Un productor de imágenes de proporciones ciclópeas fue el inmenso Emilio Freixas Aranguren, que nació en el Poble Sec de Barcelona el 28 de mayo de 1899 y que pobló de inolvidables imágenes las retinas de los lectores de las páginas de la revista “Lecturas” en los años 30 y las de los los lectores de “Chicos” en los cuarenta, así como las de los lectores de deliciosos libros de cuentos de la Editorial Molino. Asimismo produjo infinidad de portadas para novelas rosa, anuncios, ilustraciones de todo tipo de obras literarias, escenografía teatral, e historietas espléndidas de aventuras de personajes tales como “El capitán Misterio” o “Sadhú”. Su impresionante obra, que sobrepasa la nimia capacidad de este weblog (o lo que sea), se completó con su labor didáctica como enseñante de su impagable arte, a través de sus populares cuadernos de láminas de dibujos. Naturalmente, en la carrera extensísima de Freixas se incluye obra realizada para la editorial de nuestros pecados, la Editorial Bruguera. Como muestra, la portada de este volumen, número 69 de la colección “Autores famosos” de julio de 1953. En ella, allí donde se cruzan los aceros, se protege a la belleza, se da alas a la emoción, se respira la aventura, se aspira la nobleza y, con su contemplación, se disfruta una barbaridad, amigos míos.
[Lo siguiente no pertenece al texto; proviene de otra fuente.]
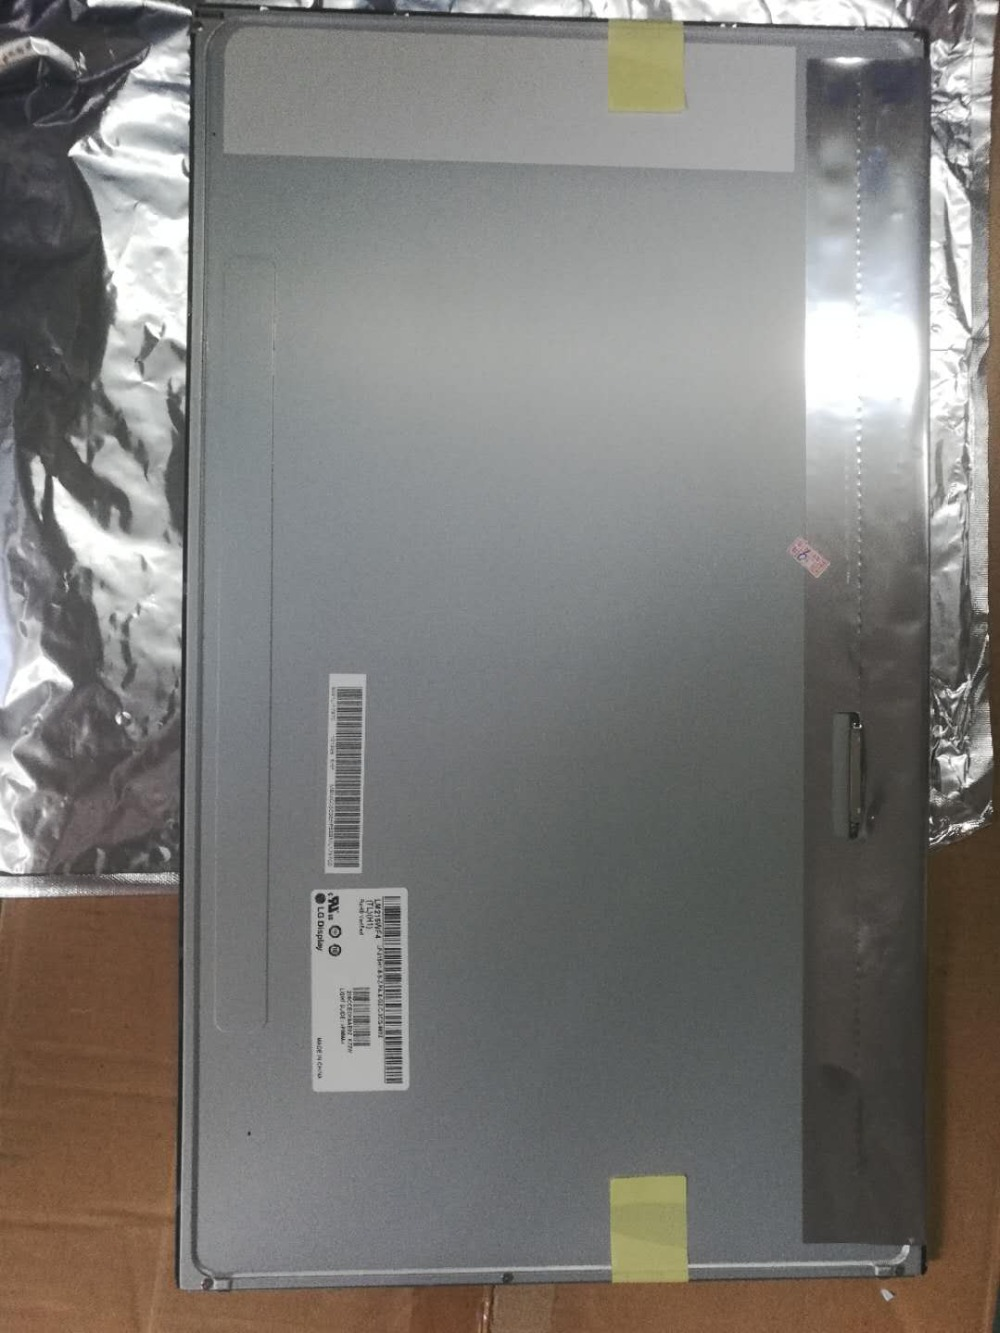 New original LM215WF4 TLGH1 TLH1 LM215WF4 TL H1 21 5 inch display Screen Modules glossy

Los productores de imágenes son así, unos magos de tomo y lomo, como lo fue Emilio Freixas, el grande.
Nota: para los amantes de las curiosidades, aporto aquí un dibujo homenaje de Manuel Vázquez a su admirado Freixas en el que realiza su particular versión de “Sir Black”, un justiciero mago enmascarado emparentado con Mandrake, con Arsenio Lupin y con Spirit que, sin duda, debió cautivar a un juvenil Vázquez allá por 1946. La imagen está tomada del catálogo de la exposición que sobre el dibujante catalán patrocinó Caja Madrid con motivo del centenario de su nacimiento y "comisariada" por Antonio de Mateo Remacha.

3 Comments:

Blogger Rebote said...

Mezcla de alimento e imagen eran mis visitas a la Pasteleria La Lyonesa de Rubi, un buen "suizo" con croisant aderezado por la fantastica e inmensa ilustracion de Freixas que decoraba la pared.

domingo, marzo 12, 2006  
Blogger Los Burgomaestres said...

Nos acaba de despertar el apetito, amigo; el de bollos y el de láminas de Freixas.

lunes, marzo 13, 2006  
Blogger Gordito Relleno said...

Qué gran dibujo de Vázquez. Para uno que se ha tirado un par de horas este finde en la exposición que con motivo del Salón del Cómic de Granada se ha montado del genial autor, no hay calificativos para estas obras de arte.